Ambruknya Silicon Valley Bank (SVB) menyita perhatian dunia. Rontoknya bank yang membiayai startup ini pun menimbulkan kekhawatiran akan dampaknya pada Indonesia. Lalu, bagaimana dampaknya bangkrutnya SVB bagi Tanah Air?
Ekonom UOB Indonesia Enrico Tanuwidjaja menjelaskan, bank di Amerika Serikat (AS) khususnya SVB memiliki perbedaan yang mendasar dengan bank di Indonesia. Dia mengatakan, pendanaan SVB berasal dari antar bank. Sementara, pendanaan bank di Indonesia berasal dari ritel.
Dia menuturkan, SVB dihadapkan pada persoalan suku bunga yang tinggi.
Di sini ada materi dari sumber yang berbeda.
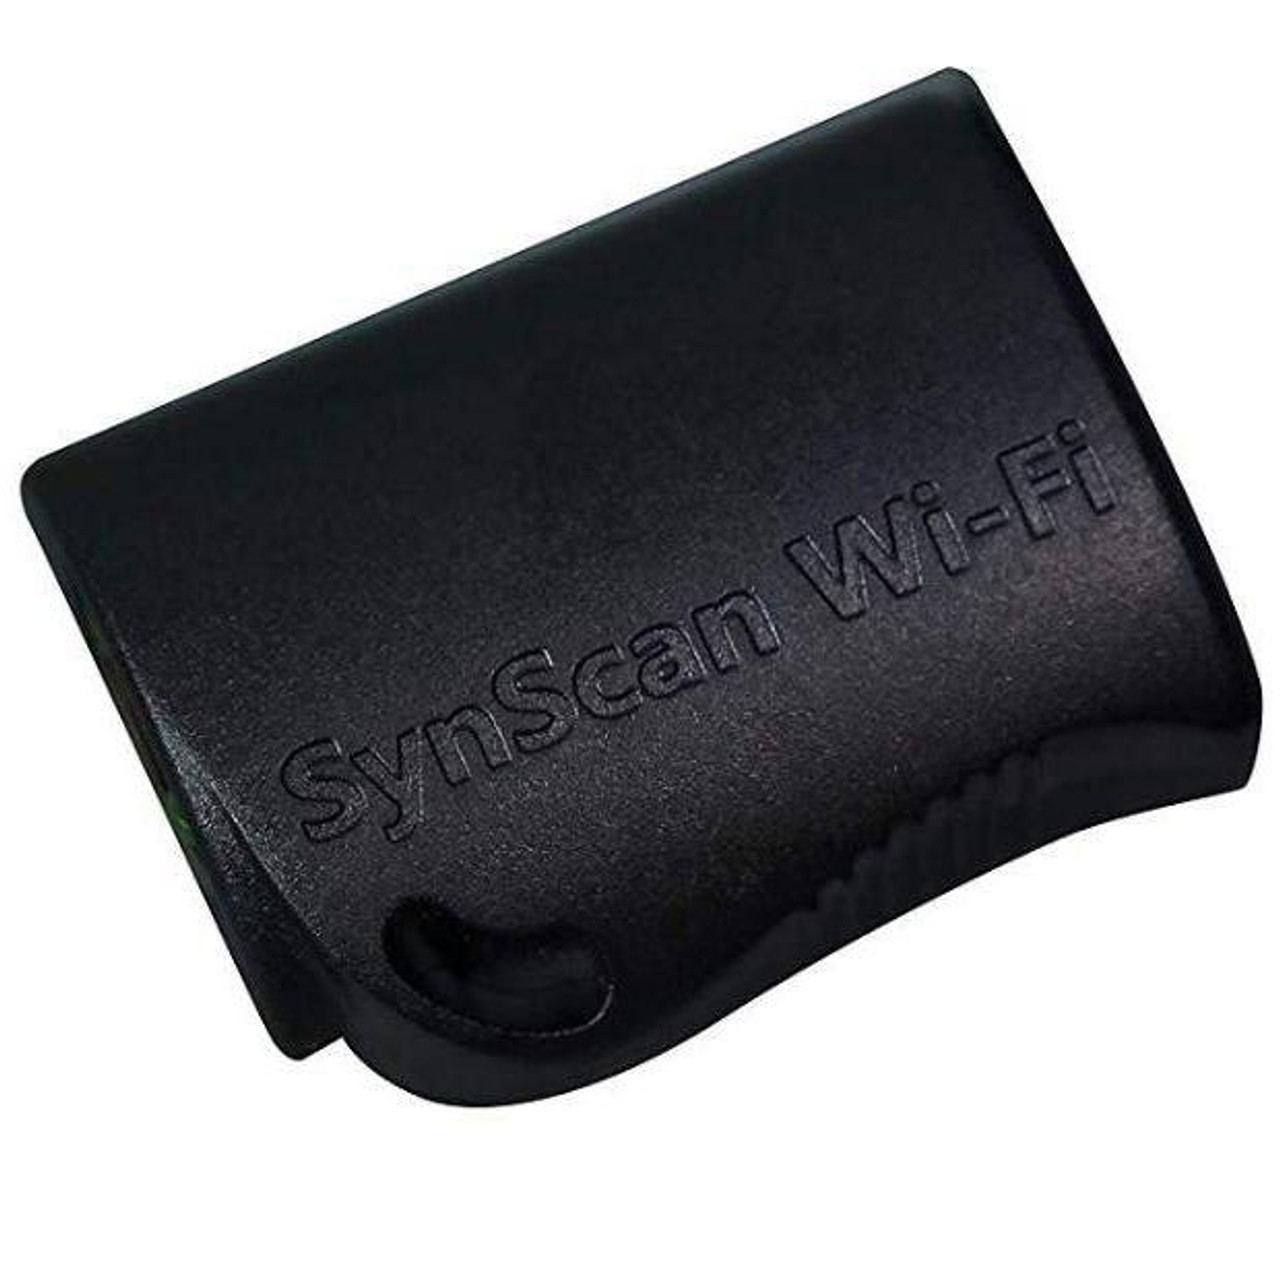 Sky-Watcher SynScan GPS Module for Easy Telescope Alignment Via GPS  (S30104)

Di sisi lain, investasi dari bank tersebut rugi.
SCROLL TO CONTINUE WITH CONTENT
"Bank di Amerika kaya SVB dia fundingnya interbank. Kalau kita lebih banyak dari ritel deposit, dana pihak ketiga. Pada saat di sana collaps karena yang naruh deposit itu fintech-fintech semua, uang gede-gede semua, tiba-tiba bunga naik. Dia salah asumsi," ujarnya usai acara Inklusi Ekosistem Digital untuk Pertumbuhan Ekonomi Berkelanjutan di UOB Plaza Jakarta, Selasa (28/3/2023).
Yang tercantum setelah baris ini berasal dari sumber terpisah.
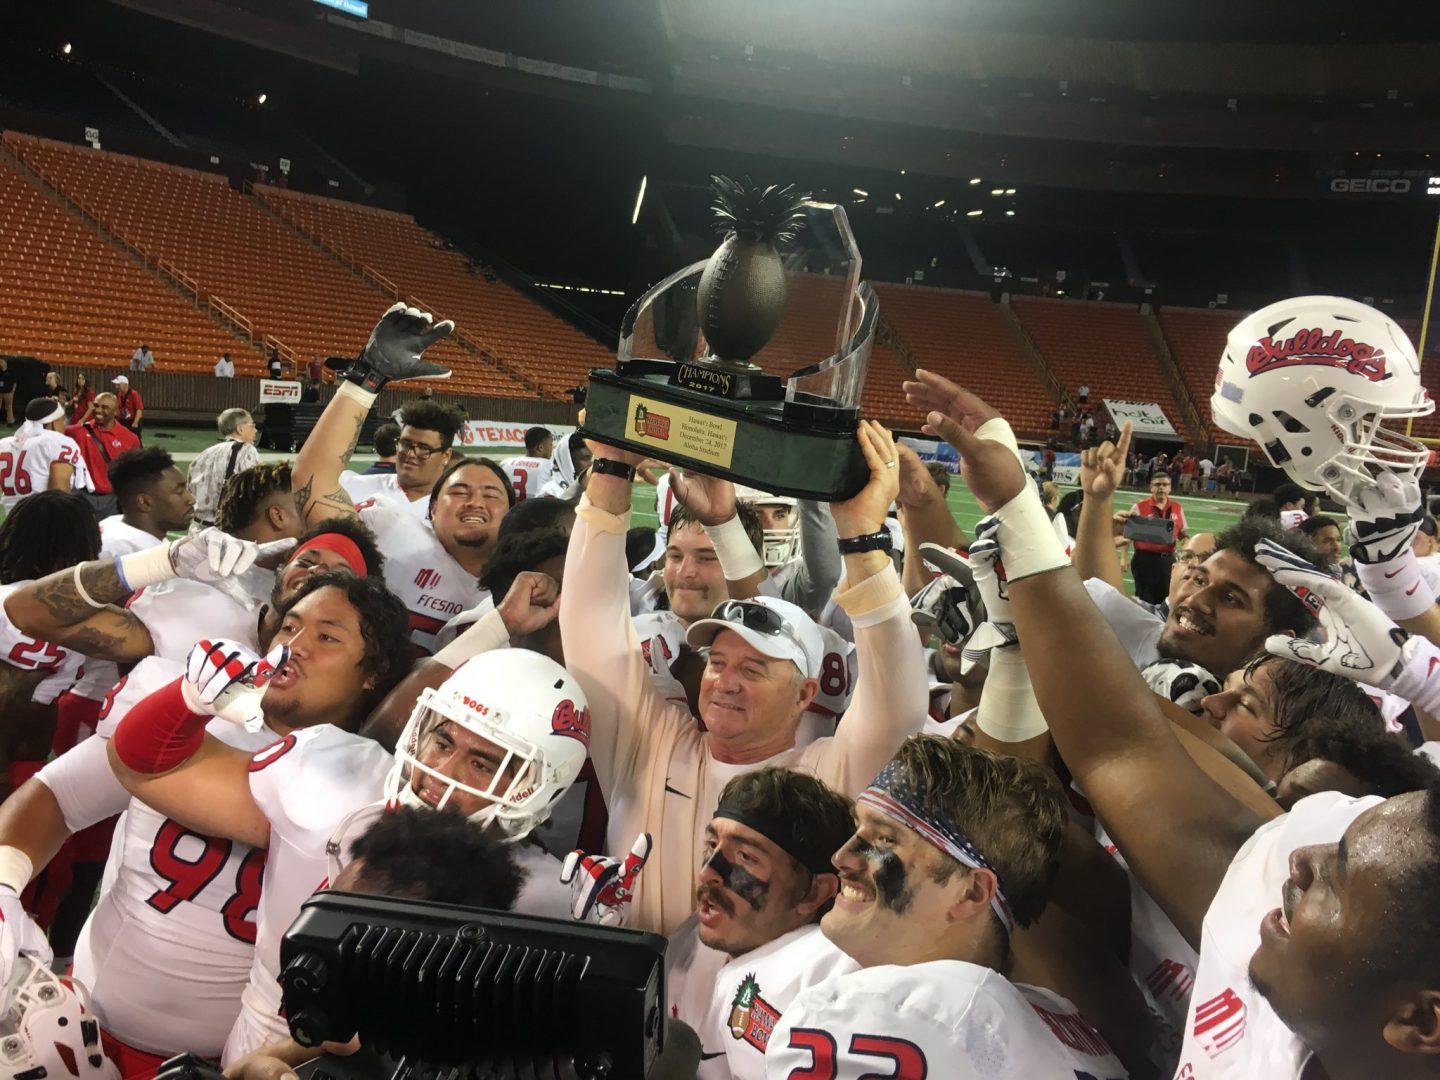 Coach Jeff Tedford and the Fresno State football team celebrating their Hawaii Bowl win against the Houston Cougars, 33-27 at Aloha Stadium on Dec. 24. (Fresno State Athletics)

Dia mengatakan, persoalan yang melanda SVB ialah krisis likuiditas. Hal itu terjadi karena manajemen risikonya tidak begitu baik.
"SVB itu sebenarnya krisis likuiditas yang disebabkan risk monitoringnya itu jelek sekali. Dia memang kesalahannya di situ, memang management risikonya fail," ujarnya.
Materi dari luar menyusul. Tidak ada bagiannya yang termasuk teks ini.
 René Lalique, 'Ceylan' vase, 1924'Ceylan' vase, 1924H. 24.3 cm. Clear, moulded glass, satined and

Bagi Indonesia, kata dia, dampaknya hanya sesaat di mana rupiah melemah. Namun, pelemahan itu tidak berlangsung lama.
"Jadi in short menurut saya tidak menular sih, yang menular hanya sesaat banget. Karena persepsi apakah semua bank kena, ternyata nggak," ujarnya.